B. Wett*,**, K. Buchauer**, C. Fimml***

* Institute of Infrastructure/Environmental Engineering, University of Innsbruck Technikerstr.13, A-6020 Innsbruck, Austria, (e-mail: bernhard.wett@uibk.ac.at) ** ARAconsult, Unterbergerstr.1, A-6020 Innsbruck, A, (e-mail: buchauer@araconsult.at) *** AIZ Wastewater Association, Strass 150, A-6261 Strass, A, (e-mail: fimml@aiz.at)

Abstract Both cost issues on a microeconomic level and concerns about greenhouse gas emissions on a global level have become major driving forces towards a more efficient usage of energy in wastewater treatment WWT. This presentation describes Central European initiatives for operational optimisations, which came up with average energy saving potentials of about 30-50 % for existing utilities. A close-up on performance data of the WWTP Strass (Austria) is given a case study that demonstrates large-scale feasibility of energy self-sufficiency. An annual net surplus in electric energy of 8 % of the total demand of the plant is fed to the public grid. Following key factors for energy-efficiency have been identified: Two-stage biological WWT optimises the transfer of less stabilised organics from the liquid train to the digesters. On-line control of intermittent aeration for enhanced nitrogen removal reduces demand for air supply. Latest generation of coupled-heat-power plants generates an average yield of 38 % electric power. Finally, deammonification proves highest efficiency for side-stream treatment of sludge dewatering liquors. In total an electricity generation of 11% of the calorific energy captured in influent organics proves to be sufficient to supply the whole plant (i.e. 54 Wh/PE). Key words energy balance, energy efficiency, wastewater treatment, digestion, biogas, Demon

INTRODUCTION In general wastewater treatment systems are implemented to reduce harmful emissions to receiving water bodies. So far reductions of fossil energy consumption and greenhouse gas emissions to the atmosphere have been out of scope for wastewater utilities. Now Kyoto and subsequent protocols intend to impact these systems significantly by specific regulations and/or penalties associated with emissions of methane and nitrous oxide (Greenfield and Batstone, 2005). Any measures that impose mandatory limitations on the release of greenhouse gases will also impact the operation of treatment facilities. Selection of treatment technology, process operation, post-processing and disposal of residual solids influence the GHG contribution of the wastewater treatment utilities (Keller and Hartley, 2003; Insam and Wett, 2007). Anaerobic digestion provides an on-site renewable energy source and is widely applied in sludge treatment in medium and large scale plants. The following work puts a focus on energy efficiency of this standard scheme of municipal wastewater treatment biological nitrogen removal BNR and anaerobic sludge stabilisation. Wastewater treatment plants frequently are ranked as the top individual energy consumers run by municipalities. Therefore energy consumption for wastewater treatment is a matter of concern on a microeconomic scale and saving potentials need to be explored. Potential in energy savings in WWTPs Central Europe features several thousand state of the art nutrient removal WWTPs, predominantly activated sludge systems. Given the regions fondness for technical perfection and innovation, it is to assume that energy saving potentials are scarce. Nonetheless, in 1994 the Swiss Ministry for Environment, Forest & Landscape (BUWAL, 1994) published an Energy Manual for WWTPs. And in 1999 the most populous German state of North Rhine Westphalia followed suite with a rather

similar Energy Manual (MURL, 1999). The declared objectives of these efforts are knowledge transfer related to the use of energy at WWTPs, the definition of a standardised approach for energy optimization, a reduction of operation cost and last but not least a reduction of CO2 emissions. Hence in either case the Energy Manuals include (i) an elaborate manual describing the background of energy consumption at WWTPs, both as what refers to electricity and to thermal energy; (ii) a clear-structured guiding strategy for the implementation of energy optimization at WWTPs.

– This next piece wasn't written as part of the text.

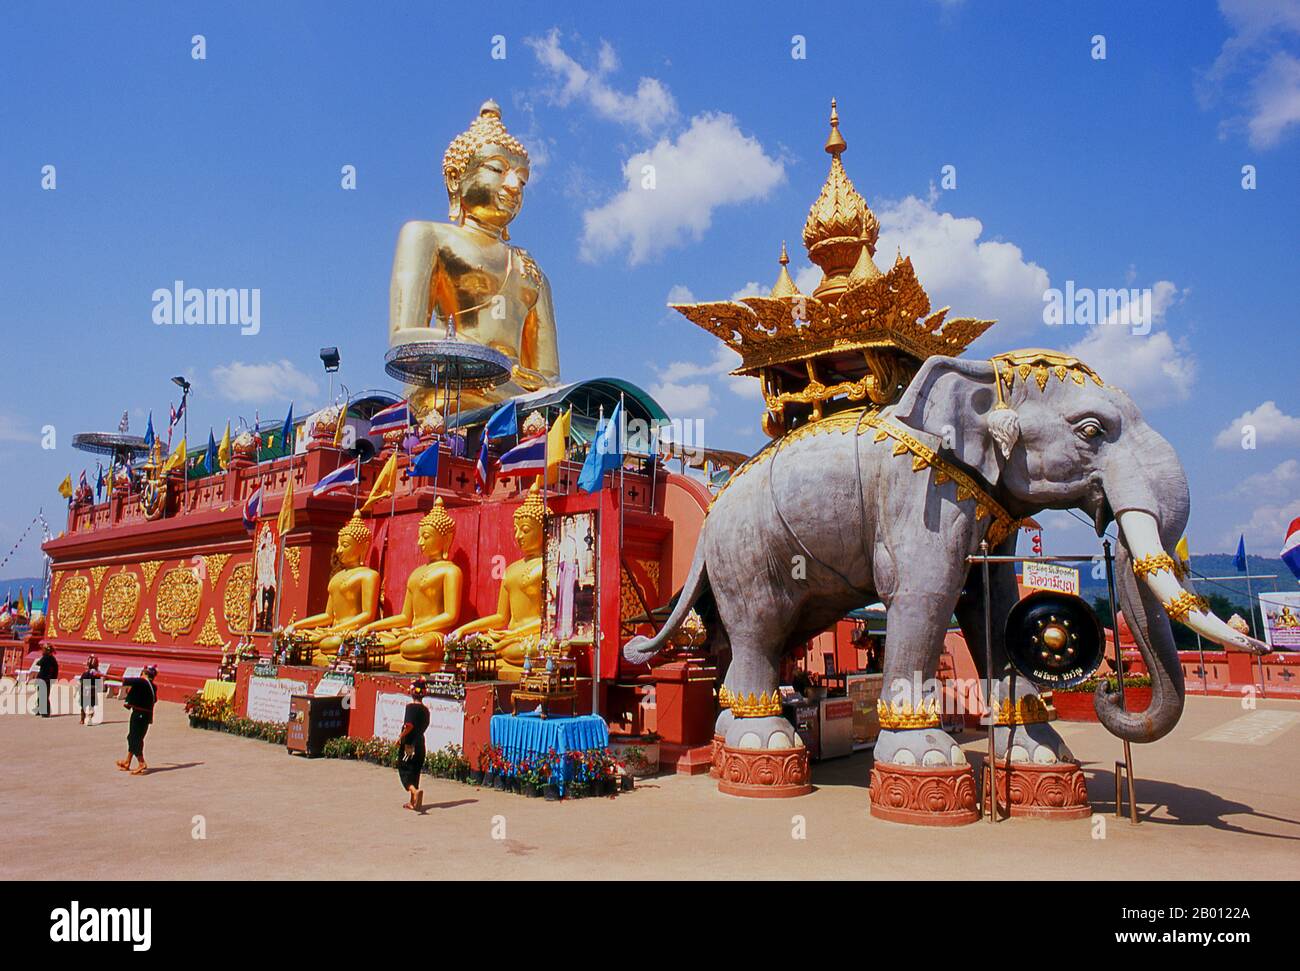 Thailand: Der riesige goldene Buddha bei SOP Ruak (im Herzen des Goldenen Dreiecks) in der Nähe von Chiang Saen, Provinz Chiang Rai, Nordthailand. Das Goldene Dreieck bezeichnet den Zusammenfluss des Ruak-Flusses und des Mekong-Flusses, der Kreuzung von Thailand, Laos und Myanmar. Stockfoto

The suggested strategy is a two-stage approach. The first stage represents a screening phase: Operation data is collected and a small number of key parameters are derived thereof. For instance, for large WWTPs MURL (1999) targets electricity consumption according to Figure 1, a specific biogas yield of > 475 l/kg volatile dry solids entering sludge digestion, as well as self-sufficiency for electric and thermal energy of 90% and 99%, respectively. This is not yet complete energy selfsufficiency, but it clearly indicates that full self-sufficiency is not out of reach.
30 electricity consumption [kWh/PE/a] 25 20 15 10 5 0 Total Biological stage optimum target guide number

Figure 1. Targets for electricity consumption at WWTPs according to MURL (1999) The findings of the screening stage often enable the definition of short-term optimization measures, which typically do not even incur any investment cost. Finally, after screening a decision has to be taken on the need for a subsequent more detailed optimization stage. In such a case there will be an in-depth analysis of each and every treatment stage and of all electro-mechanical installations. Both short-, medium- and long-term measures for energy optimization are defined and their respective economic viability is assessed. Now, after about 10 years practical application of these Manuals, a large number of WWTPs has undergone such energy optimizations. And the results are highly surprising: Switzerland (Mller et al., 2006): Two thirds of all WWTPs in Switzerland have already undergone energy analysis. Because of that, energy cost has been reduced by an astounding average of 38% so far. 2/3 of this cost reduction is due to increased electricity production from biogas, 1/3 is due to real savings. Major efficiency increases were realised in the biological stage and with improved energy management. Current savings amount to 8 million EUR/a. Over an investment life-span of 15 years this equals 120 million EUR. Germany (Mller and Kobel, 2004): So far 344 WWTPs in North Rhine Westphalia (NRW) have undergone energy analysis. And the findings indicate that energy cost can be reduced by an even higher margin than in Switzerland, that is by an average of 50%! Energy optimisation typically proves financially attractive for WWTPs, with potential savings being larger than the required investments. Extrapolation of findings in NRW leads to an overall savings potential in Germany equalling 3 to 4 billion EUR over 15 years.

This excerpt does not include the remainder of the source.